«Ben fatto, Dio vi ringrazi». Mentre la Procura milanese lavora a ritmi serrati all’inchiesta sull’attentato di lunedì scorso alla caserma Perrucchetti, il mondo dell’estremismo islamico fa il tifo per gli autori dell’impresa: Mohamed Game, che è ancora in ospedale, Mahmoud Kol e Imbaeya Israfel, che invece verranno nuovamente interrogati oggi a San Vittore e poi trasferiti in un carcere di massima sicurezza.
A sette giorni dal botto che ha scosso Milano, ancora nessuno è in grado di dire seriamente se ci si trova di fronte ad una cellula terrorista spontanea o ad un commando ispirato e manovrato da lontano. Ma quel che è certo è che l’impresa di Game e dei suoi presunti complici sta suscitando approvazione e solidarietà tra i simpatizzanti della jihad sparsi nel mondo arabo. I tre bombaroli al nitrato, insomma, non sono soli.
Nonostante i mass media arabi abbiano dato ben poco risalto all’attentato di Milano, sui blog dell’area jihadista sono sbocciati numerosi messaggi a sostegno dei suoi autori. «Bel lavoro, Dio vi ricompenserà», scrive - sotto il nome di Abdelaziz l’Algerino - un utente di un sito collegato ad Al Qaeda. E aggiunge: «Che grandi uomini sono quelli che camminano accompagnati dal loro Dio». Molti messaggi pretendono che Mohamed Game sia immediatamente rilasciato, nonostante si tratti di una prospettiva assai improbabile.

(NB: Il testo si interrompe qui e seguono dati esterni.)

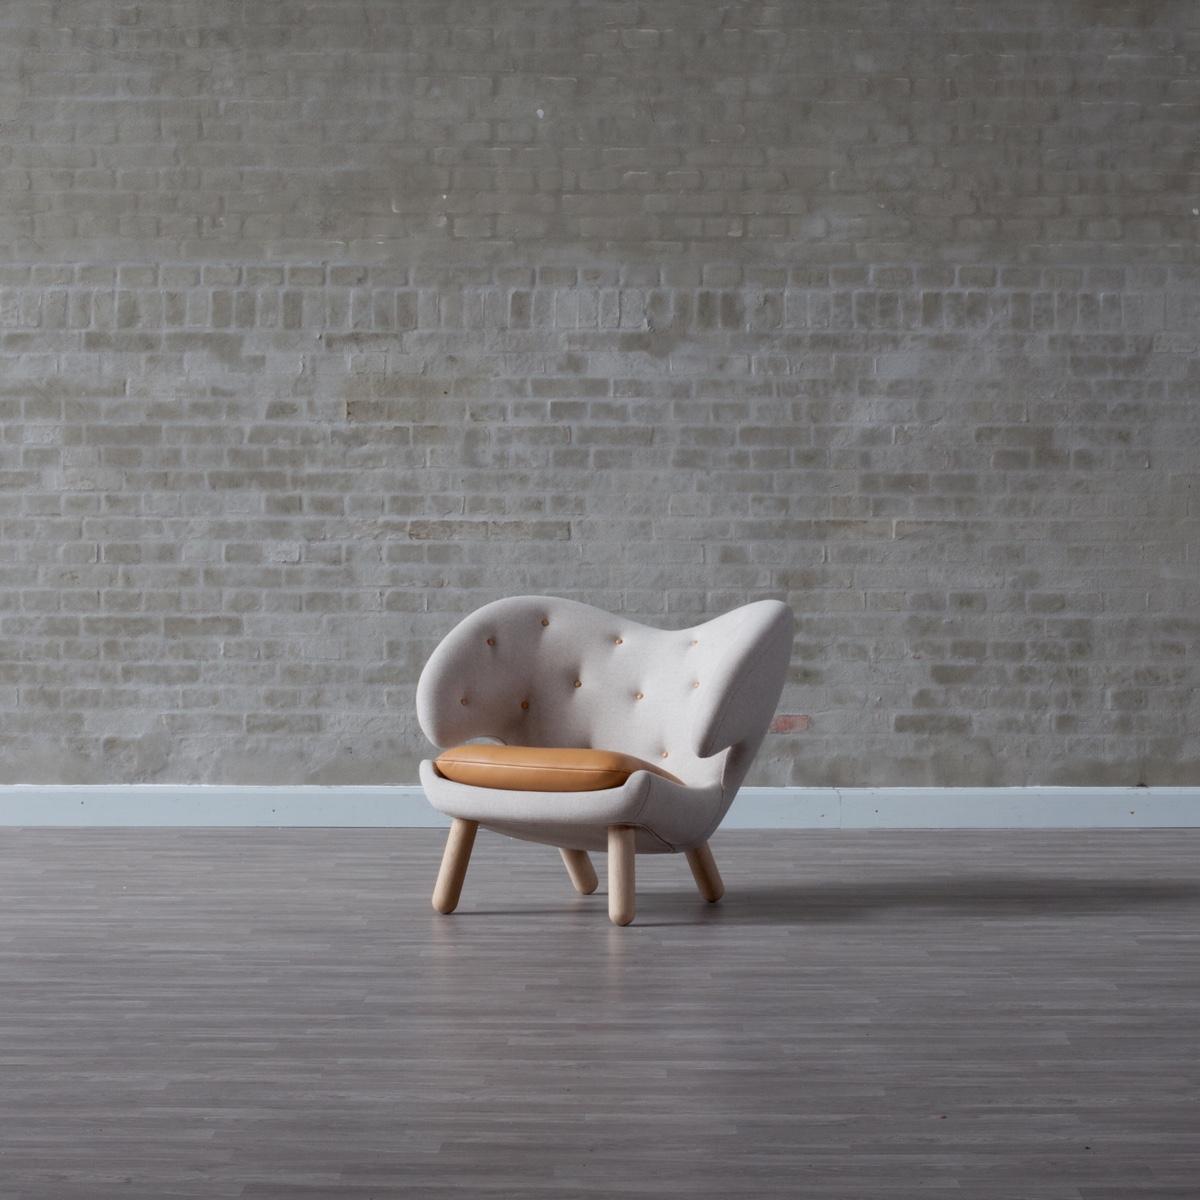 Pelican Chair, designed by Finn Juhl in 1940. Image © 2016 House of FinnJuhl™.

Uno dei supporter si presenta come un seguace di Sheikh al-Maqdisi, l’imam giordano legato al defunto leader di Al Qaeda in Iraq, Abu Musab Al Zarqawi: «Chiedo a Dio di proteggere il nostro fratello e di liberarlo dal carcere. Signore, colpisci i tiranni arabi egli stranieri».
«I Crociati hanno ucciso le nostre sorelle», scrive tale al-Muhajir al-Falluji, invocando la scarcerazione di Game. E un sedicente Abdel Rahman al-Nasir manda all’attentatore libico questo messaggio via web: «Possa Dio liberare te e sollevare me stesso dalla mia inattività». Non sono messaggi che dimostrano il collegamento operativo dei tre arrestati milanesi con la rete internazionale della jihad. Ma raccontano di quanto un gesto potenzialmente devastante come quello di martedì mattina possa risultare «popolare» negli ambienti del fanatismo islamico e di come rischi di scatenare fenomeni di emulazione.
Anche questi pericoli faranno inevitabilmente parte degli scenari che verranno disegnati oggi pomeriggio in Prefettura, nel vertice alla presenza del ministro degli Interni, Roberto Maroni. Alla riunione del Comitato provinciale per la sicurezza parteciperanno anche il sindaco Moratti e il presidente della provincia Podestà. Tutti si attendono da Maroni un quadro finalmente chiaro - dopo il valzer di dichiarazioni contrastanti venuti dalle autorità nelle ore successive all’esplosione - degli elementi emersi finora: anche senza entrare nel dettaglio delle indagini, sulle quali la Procura ha imposto il black out totale con un provvedimento del procuratore aggiunto Armando Spataro.
Ma quanto è già emerso sulla personalità del principale protagonista dell’attentato, il mancato suicida Mohamed Game, è possibile che abbia il suo peso su un altro punto all’ordine del giorno: il futuro della moschea milanese di viale Jenner, che da tempo afferma nelle dichiarazioni ufficiali la sua distanza dalle tentazioni terroriste e che per l’ennesima volta dimostra nella pratica di costituire punto di riferimento per i manovali della guerra santa all’Occidente.